Troubleshooting

Connection Issues

Data/Forwarder Node Status Displayed as Gray in the Web Console

First, check whether the control node can connect to the web server of the data/forwarder node. Log in to the Logpresso shell on the control node and enter the data/forwarder node IP address and web server port as shown below to verify connectivity.

# tcpscan <data/forwarder node IP> 8443
tcpscan 203.0.113.161 8443
Diagnosing Firewall Policy Issues

Depending on the command execution result, there may be a firewall policy issue or a federation communication port issue as described below.

timeout

If timeout is displayed after a certain period of time when running the tcpscan command as shown below, check all firewall policies along the communication path from the control node to the data/forwarder node and verify the local firewall policy on the node using the firewall-cmd --list-all command.
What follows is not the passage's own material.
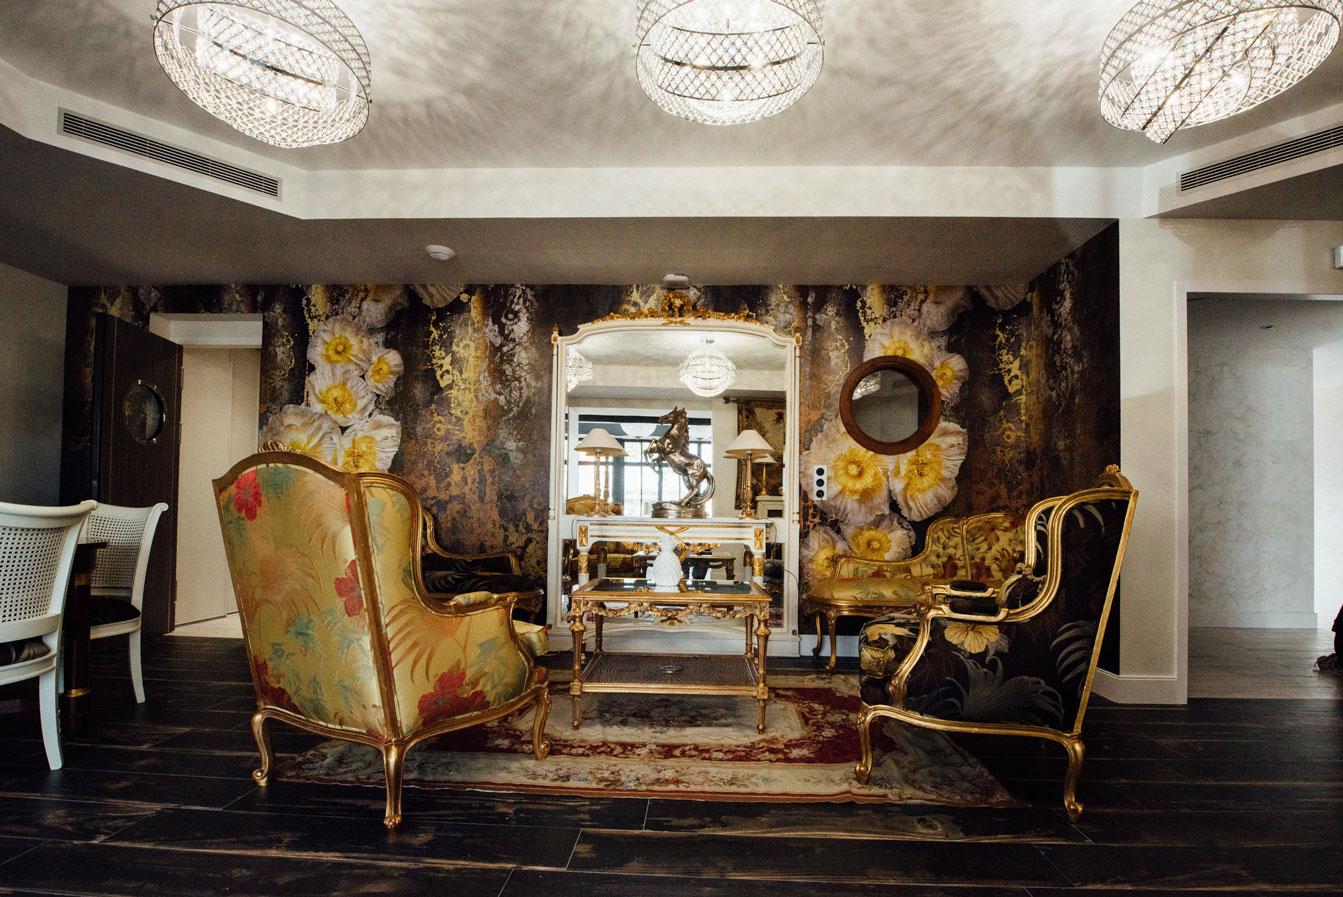 Salle commune, fauteuils, miroir, dorures | Amirauté Hôtel La Baule

trying to connect /203.0.113.161:8443
timeout
not opened: Connection refused

If the not opened: Connection refused message is displayed, the federation communication port is not open. Run the httpd.bindings command in the Logpresso shell on the data/forwarder node to recheck the port configuration. Under normal conditions, the output looks like this:

# httpd.bindings command output
/0.0.0.0:8443 (ssl: key logpresso-web, trust null), opened, default context: webconsole, idle timeout: 0seconds, log file prefix: null, access log: false, error log: false

Run the httpd.openSsl command as follows to open the federation communication port:

# httpd.openSsl <port> <context> <key alias>
httpd.openSsl 8443 webconsole logpresso-web
Diagnosing Web Server Certificate Issues

If the tcpscan <data/forwarder node IP> 8443 command shows opened but the data/forwarder node connection status still appears gray in the web console, the SSL certificate or policy synchronization password may be incorrectly configured. To distinguish the cause, try accessing port 8443 of the node from a web browser on your workstation. If ERR_SSL_PROTOCOL_ERROR is displayed as shown below, it is a certificate issue.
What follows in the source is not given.